Por exemplo, hoje cedo, resolvi descansar sem nenhum motivo específico, apenas não queria ir ao trabalho, acolher esse meu sentimento ainda não é tão fácil. Ainda de manhã veio uma mensagem do Nezukun dizendo que na marmitaria estava faltando pessoas e que ele gostaria que eu fosse se pudesse. Ao ler essa mensagem me surgem pensamentos como:

  • aquele dia o Go San me deu uma faca de presente, agora eu não vou lá ajudar no trabalho.

  • o kumai San essa semana está comprando os ingressos do cinema para gente, mas eu não vou lá ajudar.

São pensamentos, auto cobranças que me impurram para ir ao trabalho. Eu mesmo coloco uma pressão psicológica para eu ir trabalhar. Não surge o sentimento puro de querer ir, mas parece que não posso simplismente não querer ir, se não for o trabalho complica, as coisas ficam ruins por lá por minha culpa e minha relação com as pessoas vai para o ralo. Percebo que a medo e insegurança no meu coração.
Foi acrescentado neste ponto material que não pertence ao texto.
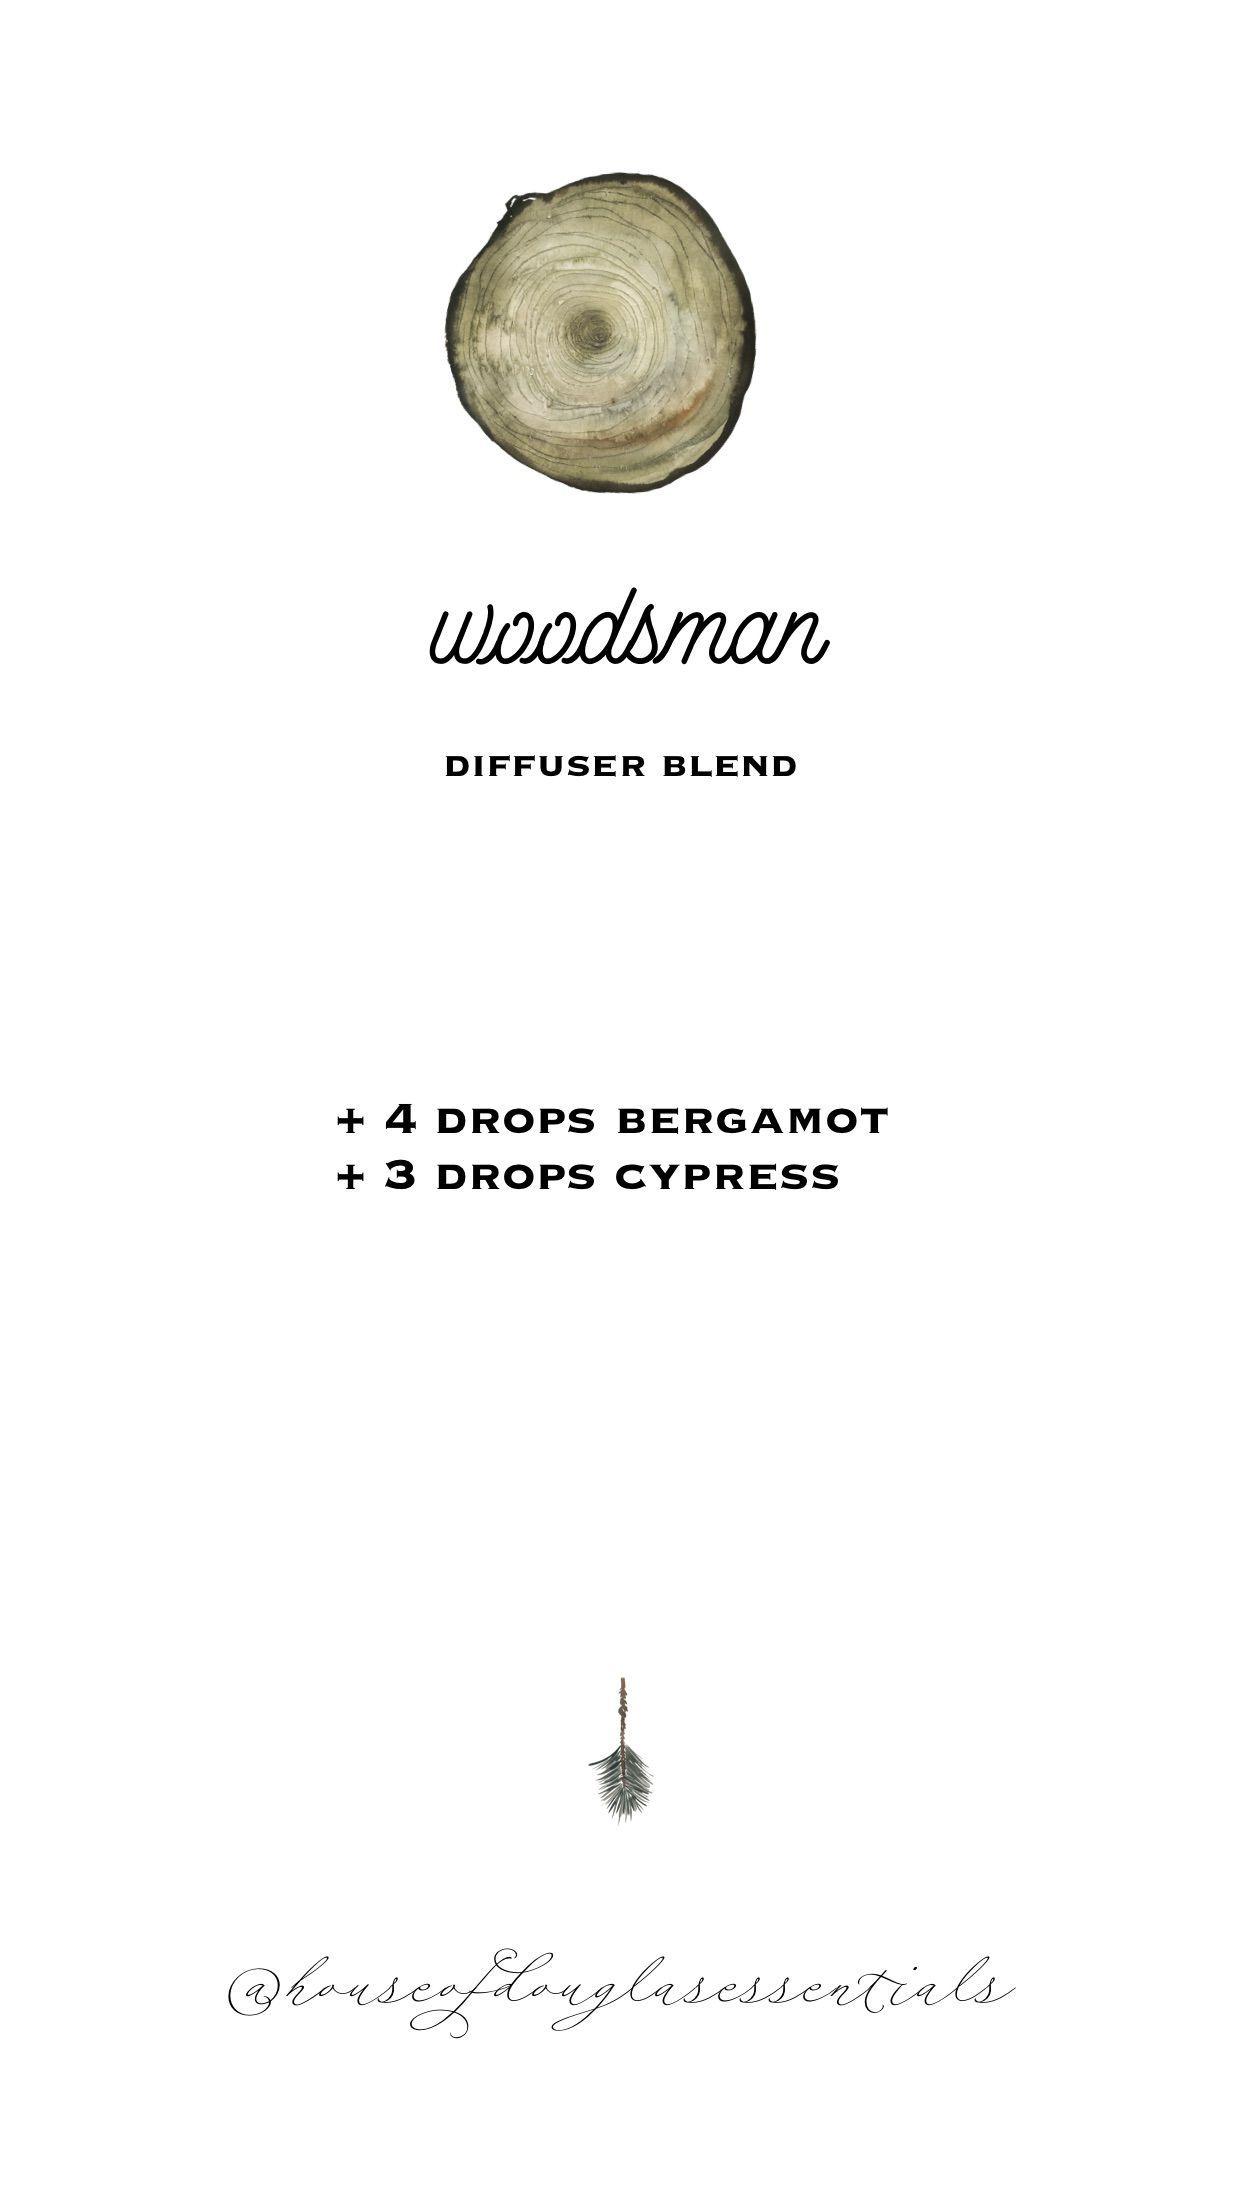 woodsman diffuser blend | fall diffuser blends | young living essential oils | diffuser blends | diffuser recipes | wellness | eo | bergamot |  cypress | autumn #oils #essentialoil #diffuser #diffuserblend #youngliving #diffuserrecipe #fall #winterdiffuserblends

Essa minha visão de trabalho é uma coisa que quero conhecer mais a fundo daqui para frente.

Acho que me libertando desses medos e inseguranças talvez abra espaço para poder ver meu desejo original. Agora parece que ele se confunde com vários pensamentos do tipo: fazer porque é bom, fazer porque é necessário, fazer porque é útil, etc o querer fazer está sempre conectado a uma explicação, a um por quê, como seria ouvir a vontade pura? Como será fazer o que quer fazer se movendo pelo coração? A partir de agora são os pontos que quero conhecer mais.